## EXERCISE DESCRIPTION
Would you transcribe the whole listing exactly and drop its images?

## SUPPLIED MATERIAL
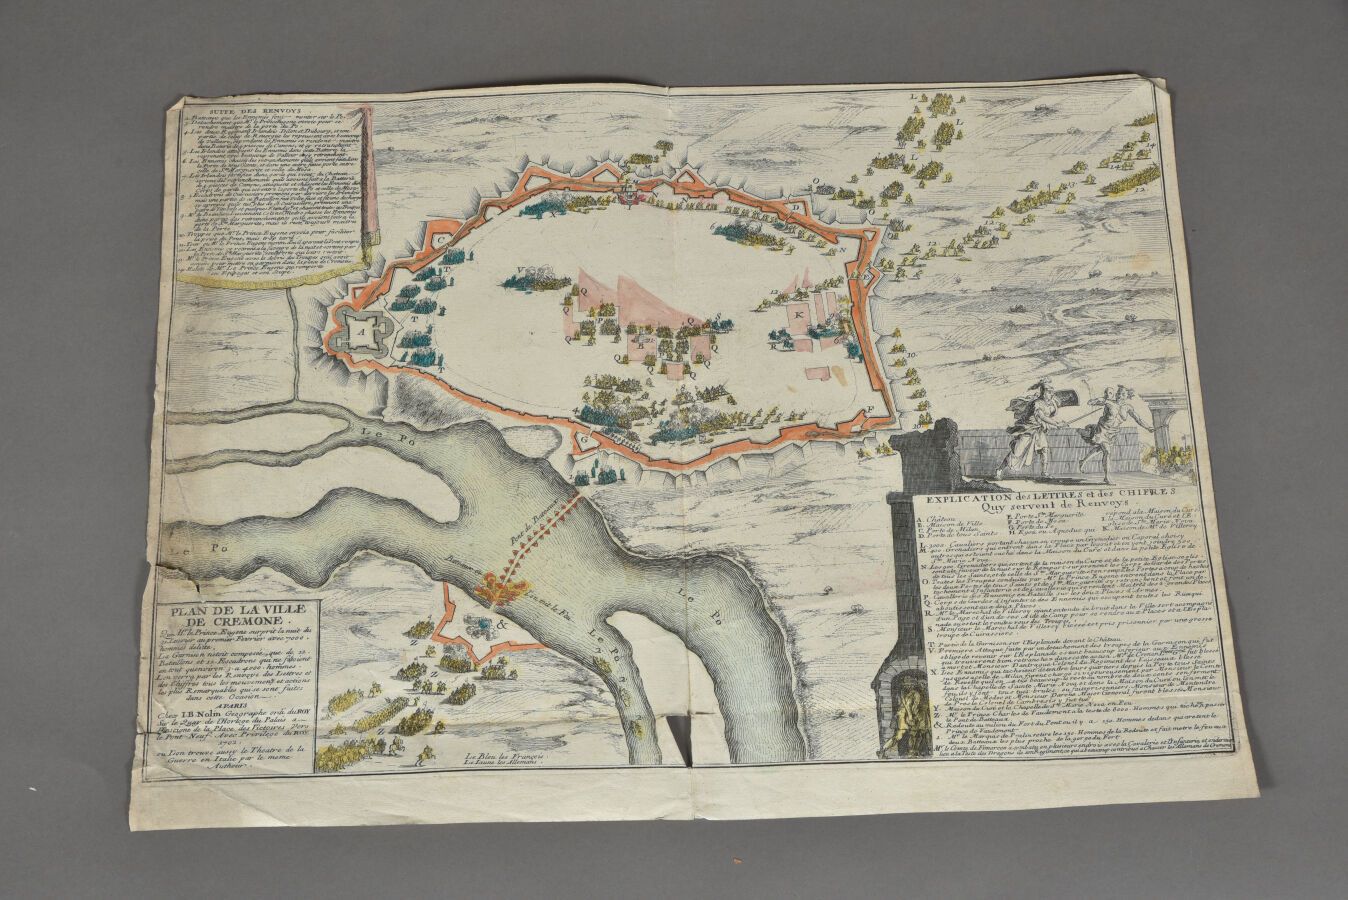 Null JEAN-BAPTISTE NOLIN (1657 - 1708)
Plan de la ville de Crémone. 
1702.
Gravu&hellip;

## WRITTEN RESPONSE
 Null JEAN-BAPTISTE NOLIN (1657 - 1708)
Plan de la ville de Crémone. 
1702.
Gravu&hellip;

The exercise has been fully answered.